FISHING has been in Tim Pilcher’s blood for as long as he can remember.
Endless hours have been spent on river banks and pleasure has become work, too.
With wife Caroline he runs Tweedside Tackle, providing other anglers with all they need to pursue their hobby.
The couple are featured in BBC Scotland’s latest documentary series The River, from the makers of hits The Harbour and The Mountain. Starting tonight, it follows life for those who live and work along the River Tweed.

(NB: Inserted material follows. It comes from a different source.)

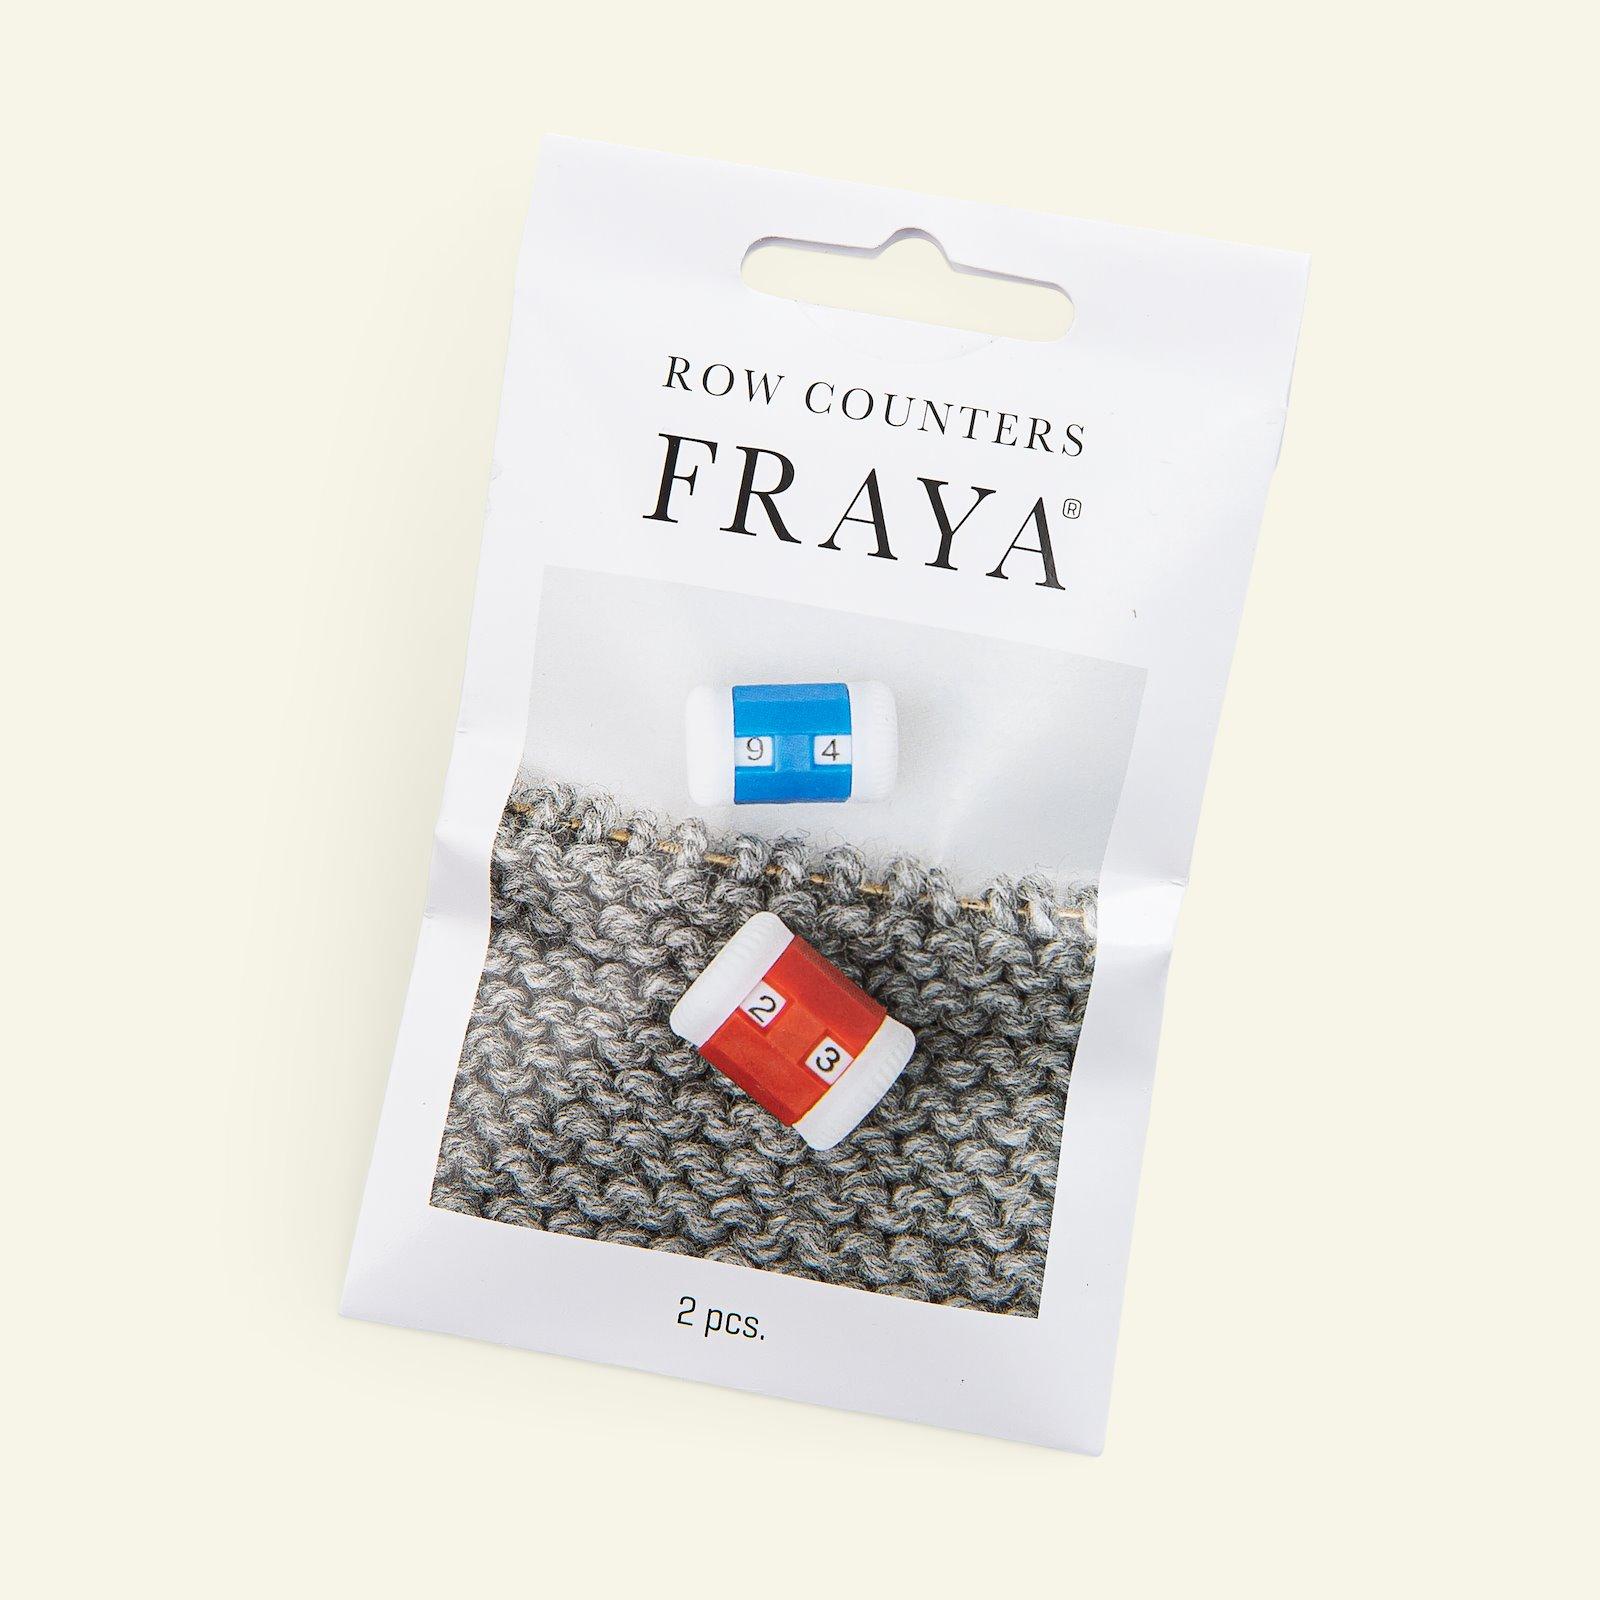 FRAYA row counters 2 pcs. 83305_pack_b

For Tim, though, life is very different these days after he was struck down by a devastating stroke.
November 9, 2009, is the day that changed Tim’s life for ever.
“I had a terrible headache all day at work,” recalled Tim, 51, from Kelso. “It was so bad I thought it was toothache and went to my dentist.
“It was still excruciating when I went to bed and I woke up in the middle of the night, went to get a painkiller and collapsed. Caroline called an ambulance and I was rushed to the Borders General Hospital. A scan showed my brain was swelling into my skull and I was transferred to the Western General Hospital in Glasgow for lifesaving surgery.”
When Tim was taken into theatre to have a section of his skull removed to release the pressure, he was told he was just five minutes from death.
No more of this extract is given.